Pharaohphobia? Yeah, it’s apparently a thing. I pass this along merely as a friendly warning. You may be perfectly fine ogling the mummies, even those partially unwrapped. And you’ll have many such opportunities, to, since the Rosicrucian has among the 4,000 pre-dynastic Egyptian artifacts four human mummies and also a mummified Nile catfish, pet gazelle and cats. Funny how the ancient ones adored cats, venerated the little beasts, adorned them in jewelry and buried their remains along side their owners, proving that crazy cat ladies existed way before our time. (I, fortunately, do not suffer from ailurophobia, fear of cats, but for those afflicted, do take note.)
The museum is more than a mummy mausoleum, of course. The Rosicrucian Order, AMORC — more on the mysterious New Age-y organization later — does not display all of its unearthed treasures but, depending on the rotation, you’ll see one of the seven known statues of Cleopatra, a 1.5 million-year-old ax, a re-creation of King Tutankhamun’s tricked-out coffin, fragments from the Book of the Dead, and assorted trays, utensils, amulets and scarabs entombed with the dead because you never know when you might need a mirror in the great beyond.
If you go
Rosicrucian Egyptian Museum
Where: 1660 Park Ave., San Jose
Hours: 9 a.m. to 5 p.m. Wednesdays-Fridays; 10 a.m. to 6 p.m. Saturdays-Sundays; closed Mondays-Tuesdays
Cost: $9 general, $7 seniors and students with ID, $5 children ages 5-10
More information: www.egyptianmuseum.org; 408-947-3635
All told, the largest collection of Egyptian artifacts in the Western United States resides in the ornate building, which also features a library, a planetarium and, outside, lovely gardens with exotic foliage like papyrus and the trao plant and a rare bunya pine, whose cones can weigh up to 15 pounds. It’s also the North American headquarters for AMORC, part quasi-religious order, part fraternal organization, part philosophical think tank, many parts mystical, mythological and totally esoteric to a lay person.
About the AMORC
AMORC, by the way, stands for Ancient and Mystical Order Rosae Crusis, whose roots date to the 1600s in Europe and spread to America in the early 1900s. San Jose became the mothership in the early 1920s, when the block-long edifice was constructed in what then was farmland but now is a bustling downtown.

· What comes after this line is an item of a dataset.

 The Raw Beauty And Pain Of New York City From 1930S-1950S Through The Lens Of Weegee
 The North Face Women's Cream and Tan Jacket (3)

Escaping the freaky mummy, I needed to get grounded and repaired to the information alcove, where I sat through all three video presentations the order offers neophytes. I’d like to say I
went away with a firm grasp of the theology — I took assiduous notes — but I failed to grasped the abstruse teachings. Guess that’s why they call
The presentation started straightforward enough. AMORC is “open to men and women of all nationalities, all religions, and all social classes” and its purpose is to “pass on teachings that are both cultural and spiritual.” The video’s narrator then asked the question viewers were wondering: “What do the Rosicrucian teachings address?” Brace yourself: “... (It) incorporates the traditional major themes, including the origins of the universe, time and space, life and conscious, psychic phenomena, the nature of dreams, the functions and characteristics of the soul, the mysteries of death, the afterlife and reincarnation, traditional symbolism, the science of numbers and other mystical subjects.”
Yup, that about covers it.
But what, like, do they believe? I had to sit through a lot before getting an answer. AMORC “transmutes the faults of human nature into opposite qualities, pride into humility.... If there is evil on Earth, it’s because humans delight in their weaknesses and do not sufficiently aspire to good.”
I wondered what that freaky mummy, the so-called upper-class Egyptian male, would’ve thought about the Rosicrucian tenets, whether, in mummification, he still retained his pride or found a transcendent humility.
I wondered, but no way was I heading back to ask him myself.